··· INFORMATION SUPPLIED
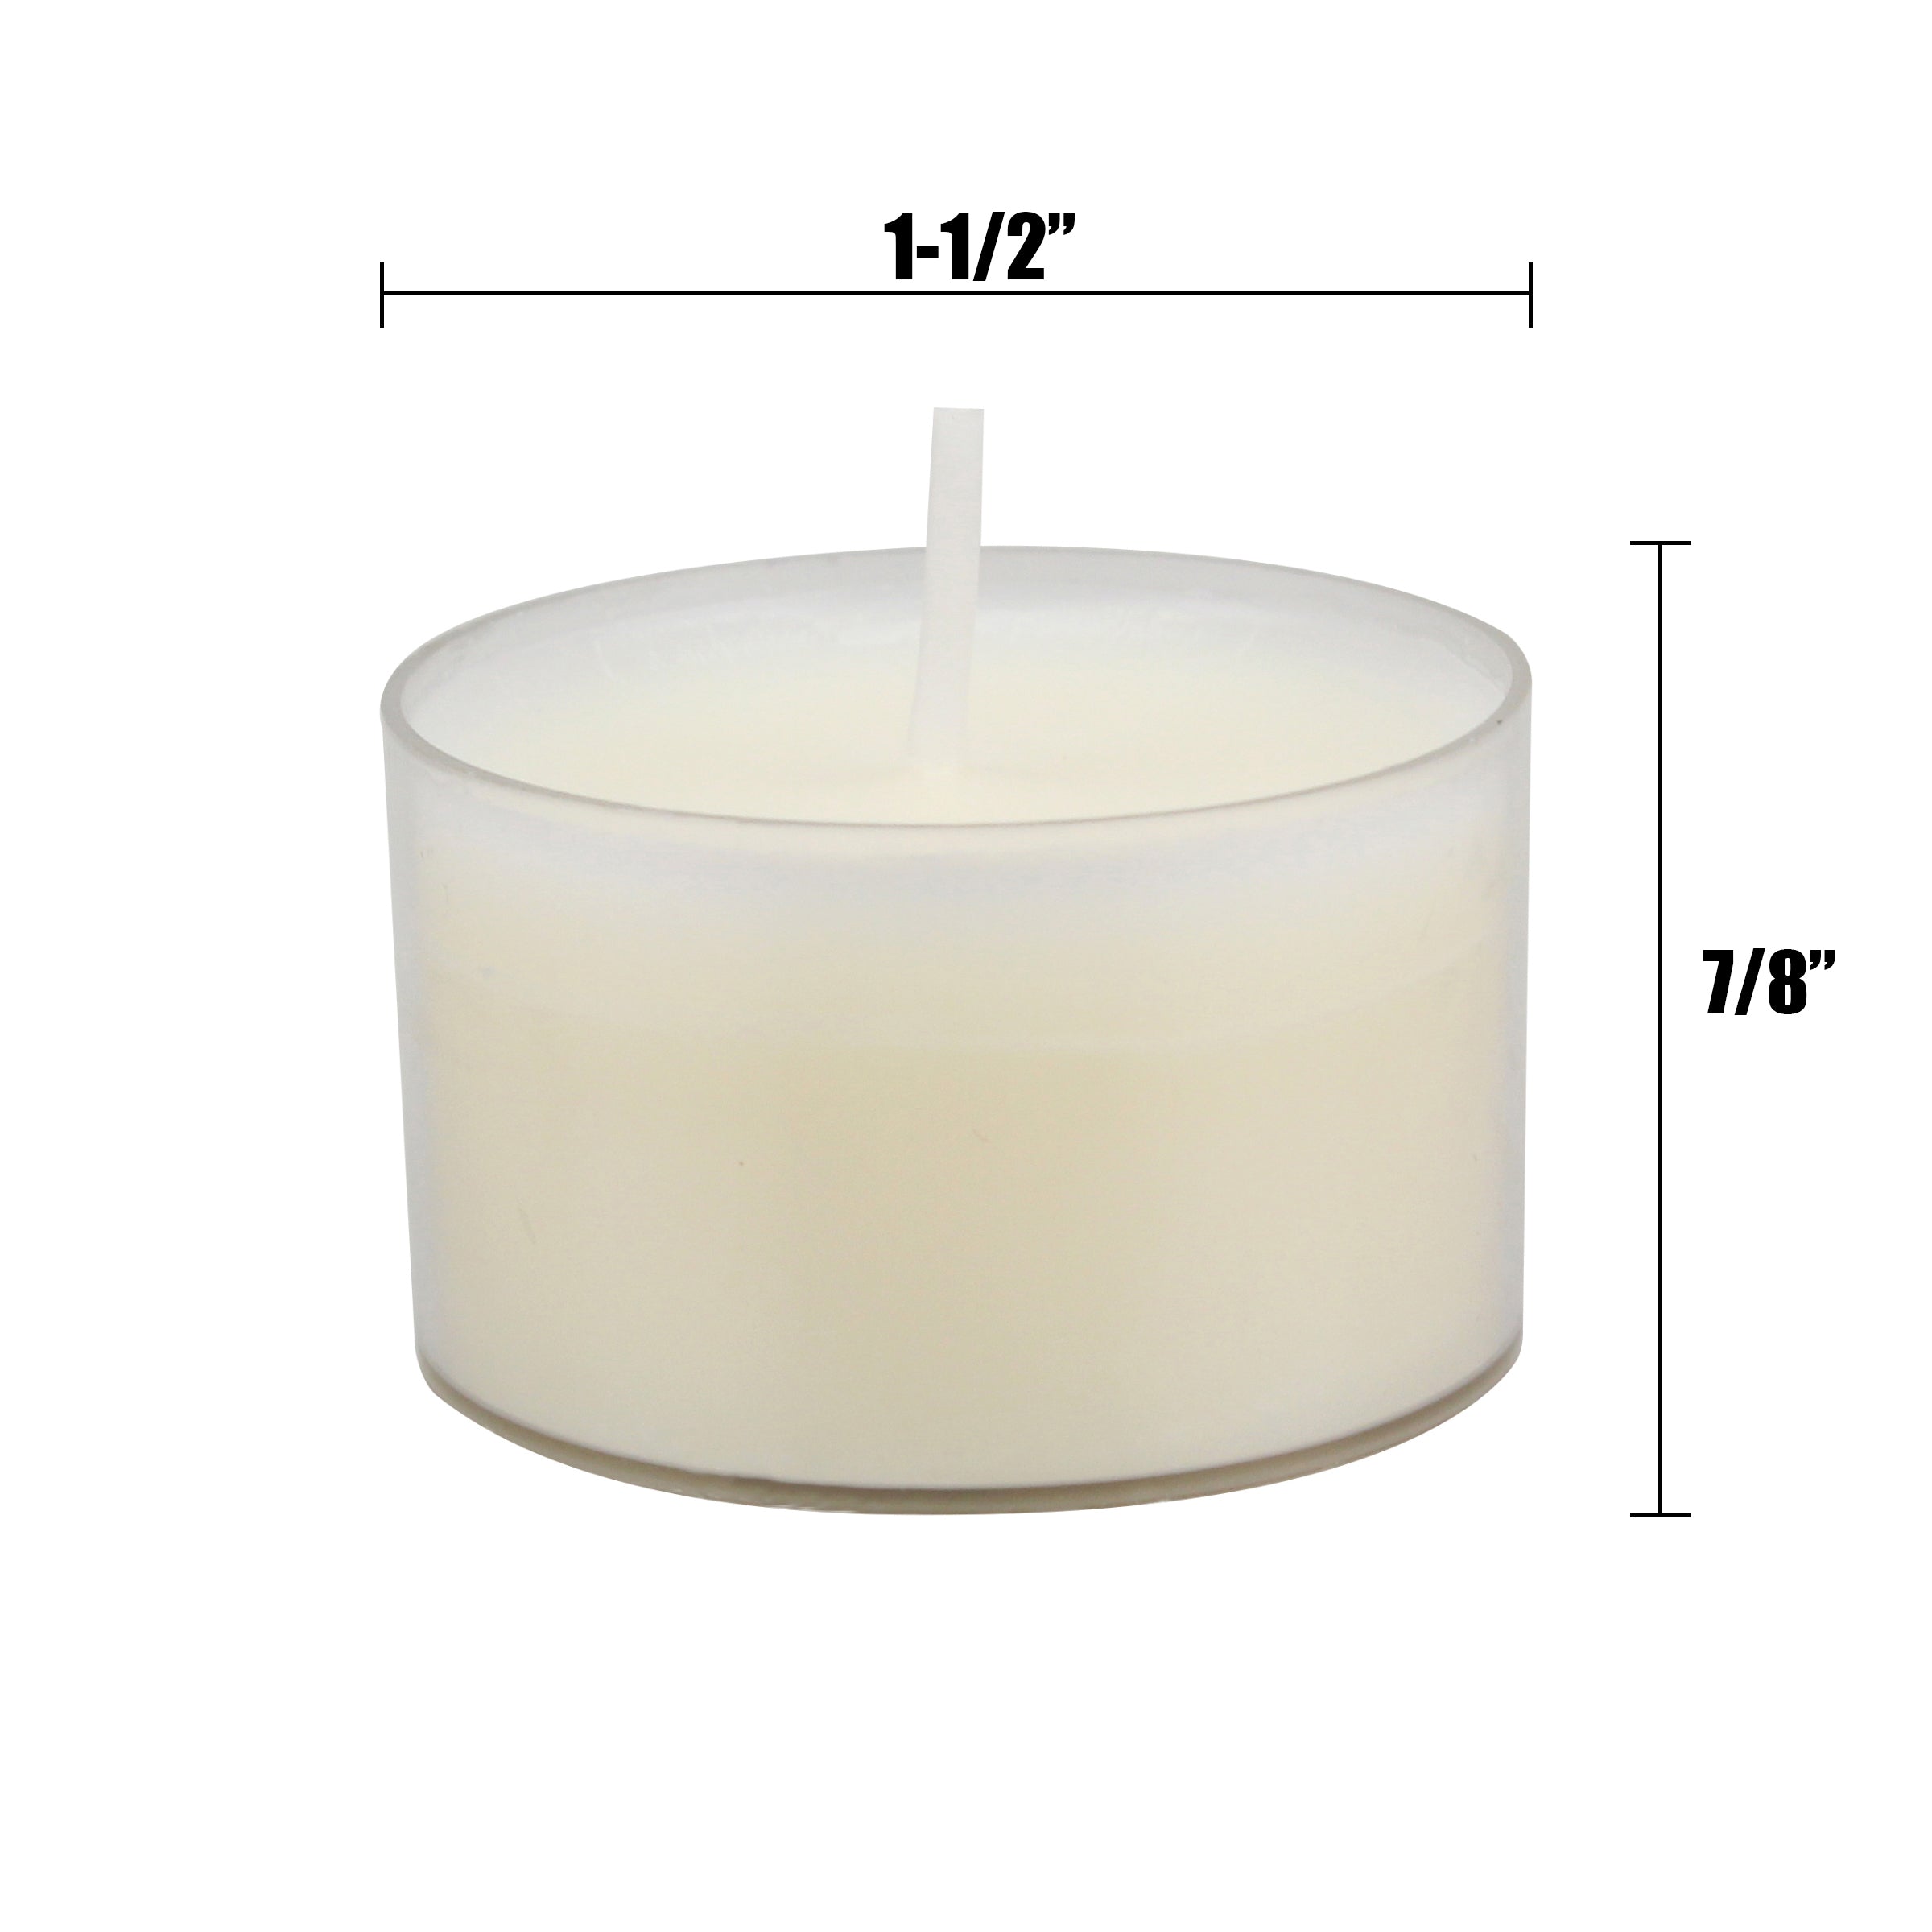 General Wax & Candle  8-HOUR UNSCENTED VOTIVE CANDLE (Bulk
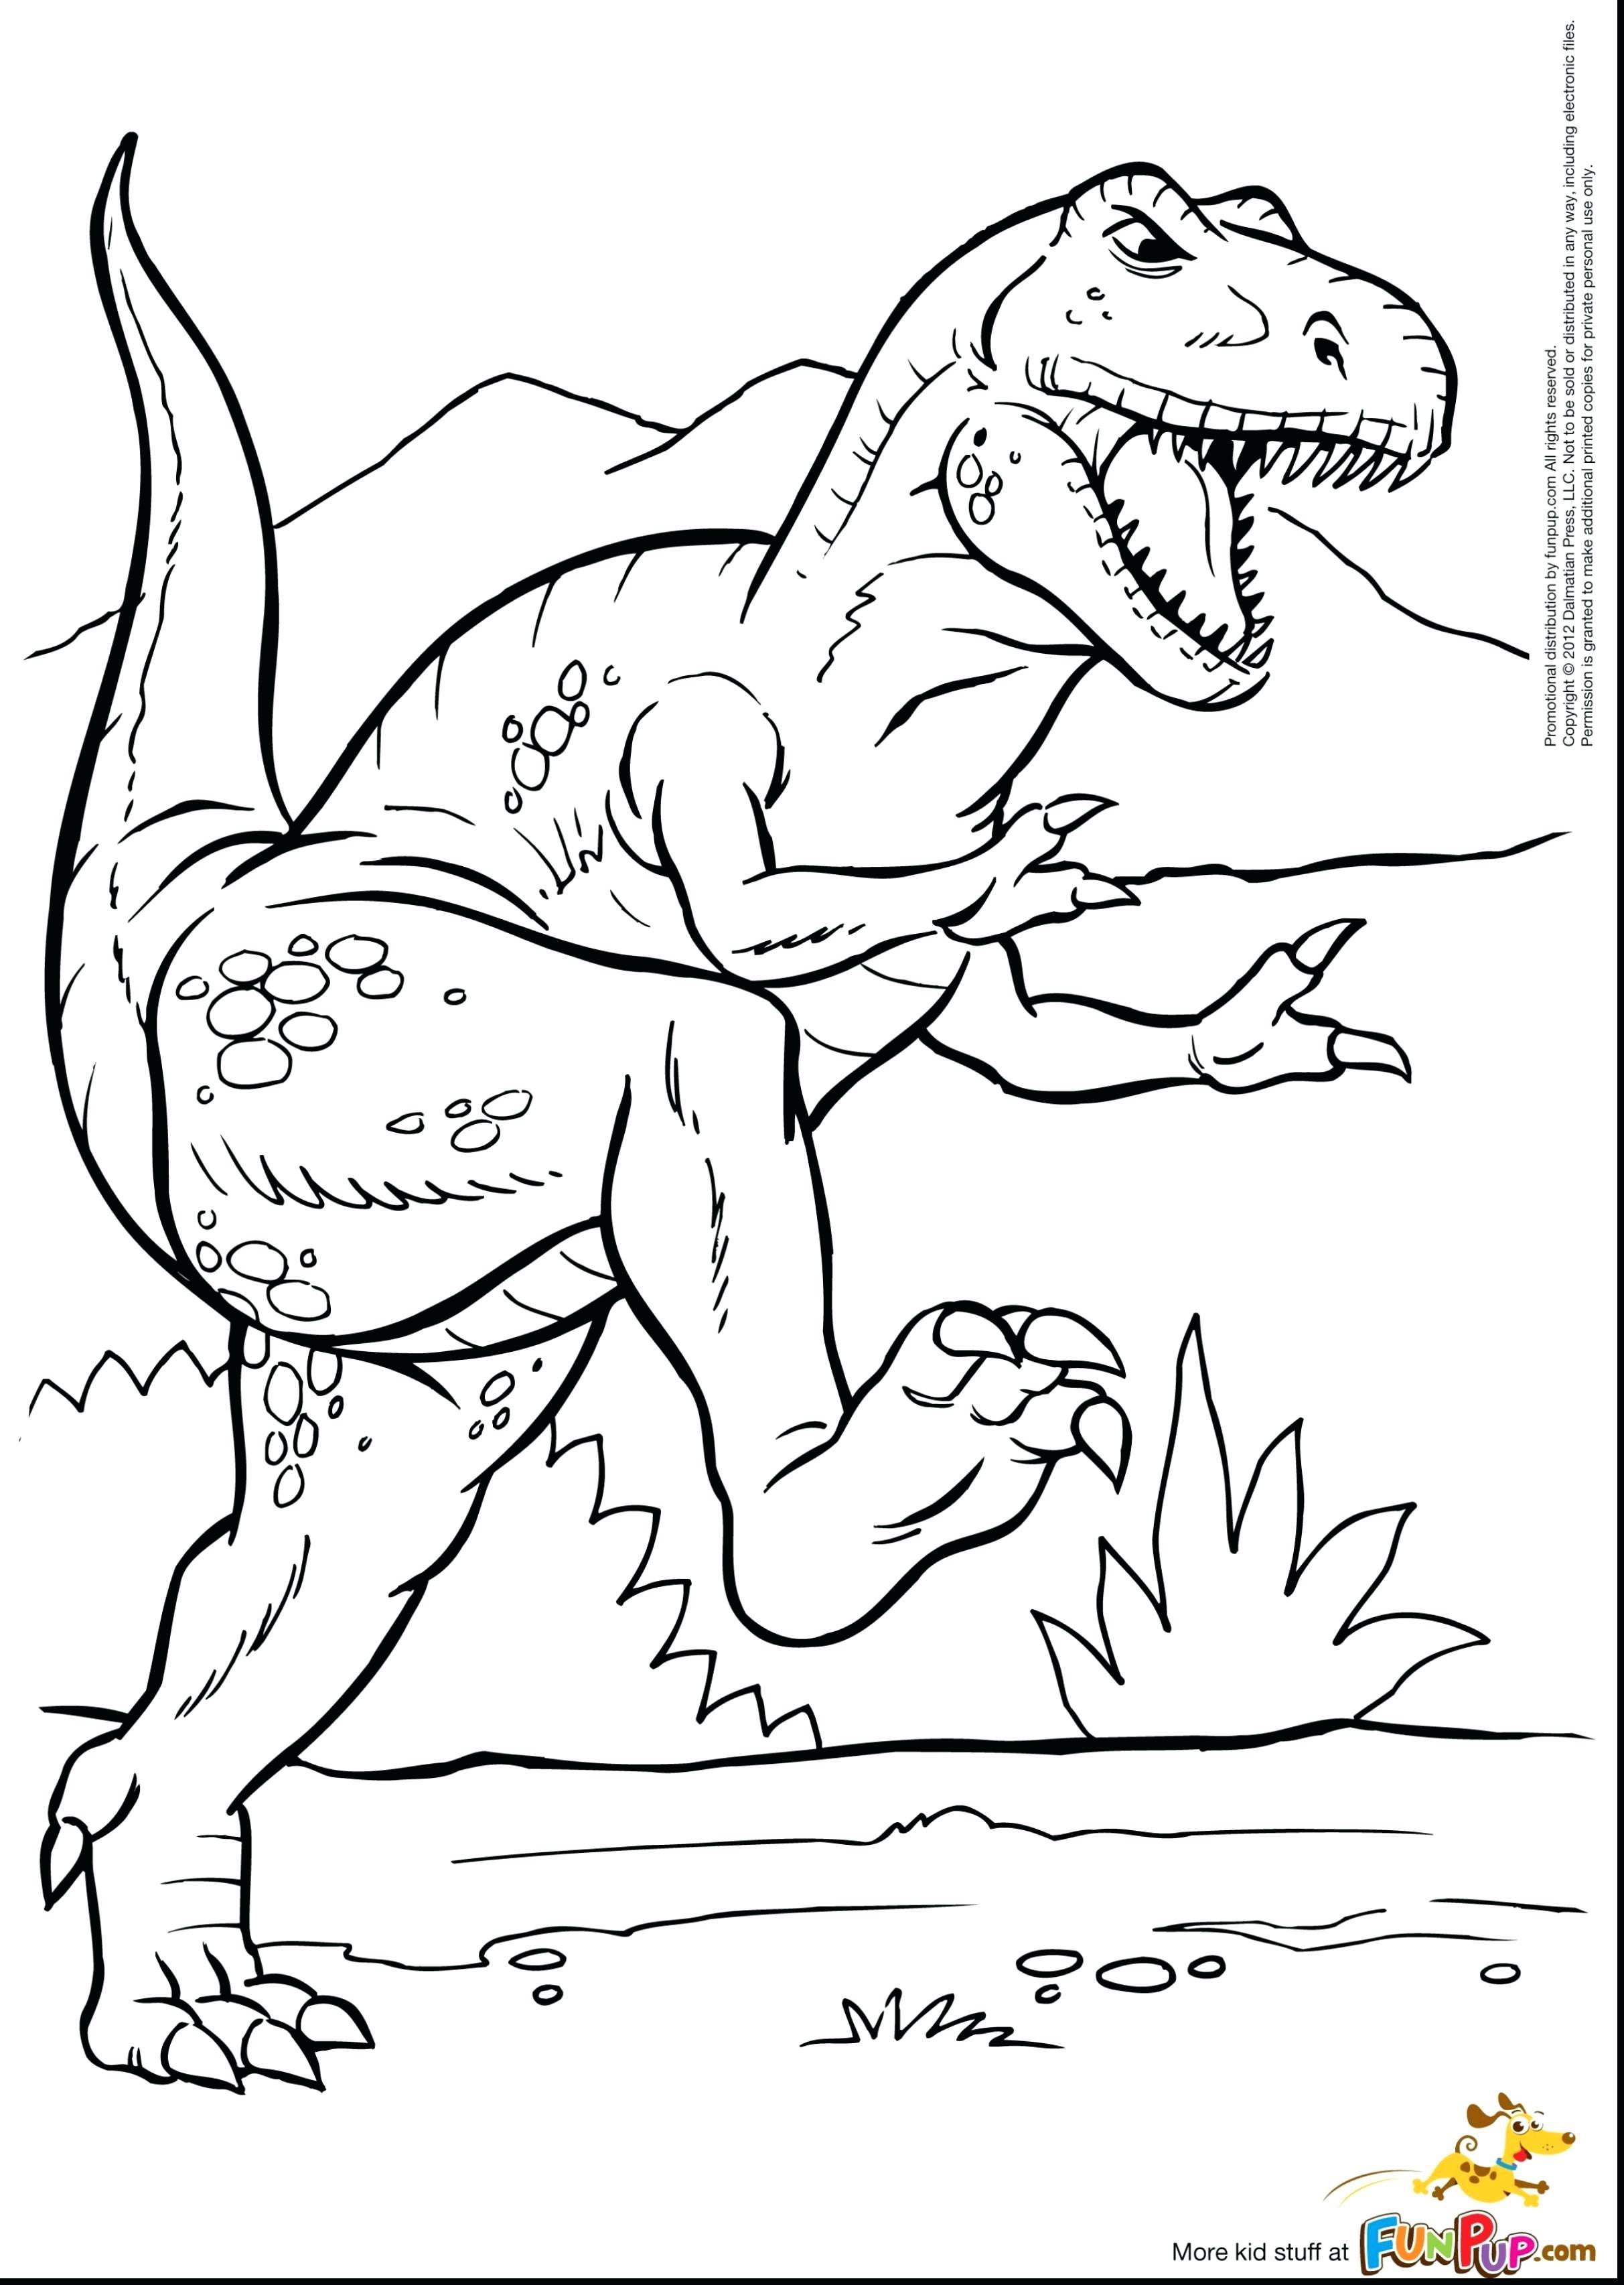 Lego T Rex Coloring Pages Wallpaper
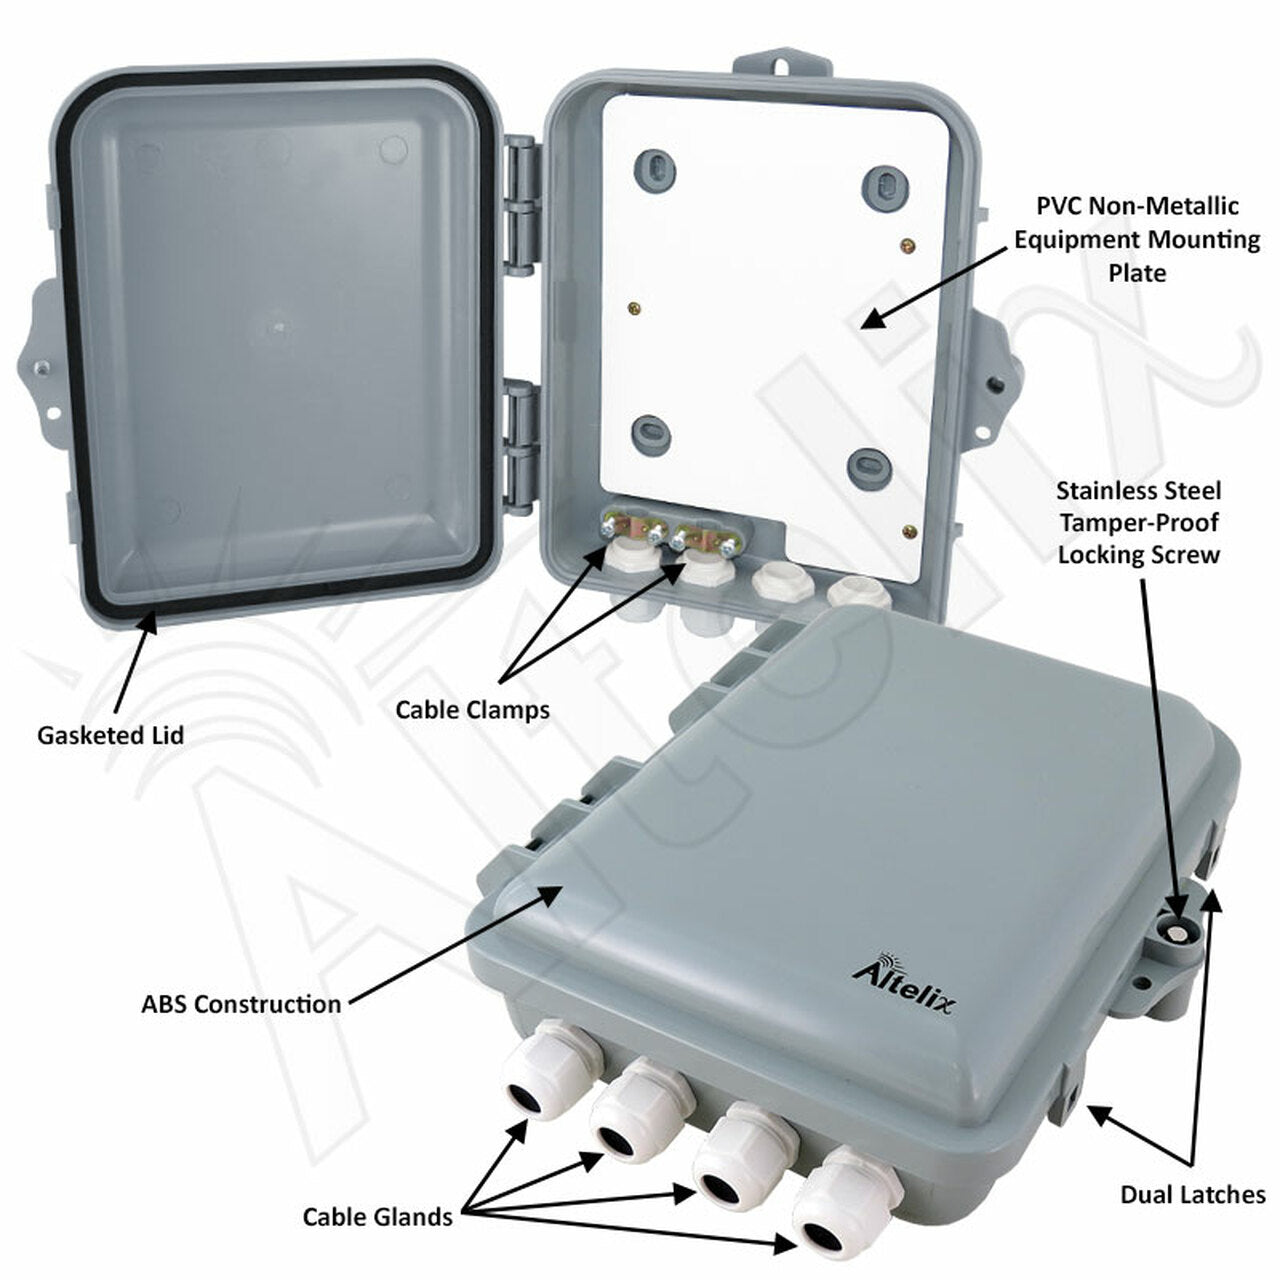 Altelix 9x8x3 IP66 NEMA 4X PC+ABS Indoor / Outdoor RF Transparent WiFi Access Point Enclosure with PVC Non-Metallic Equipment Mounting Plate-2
······
WHAT YOU WILL DO » Every line from the one containing "Lego T Rex Coloring Pages Wallpaper" through the last line of the data, both included, is to be repeated exactly; the pictures are to be left out.

ANSWER SECTION »
 Lego T Rex Coloring Pages Wallpaper
 Altelix 9x8x3 IP66 NEMA 4X PC+ABS Indoor / Outdoor RF Transparent WiFi Access Point Enclosure with PVC Non-Metallic Equipment Mounting Plate-2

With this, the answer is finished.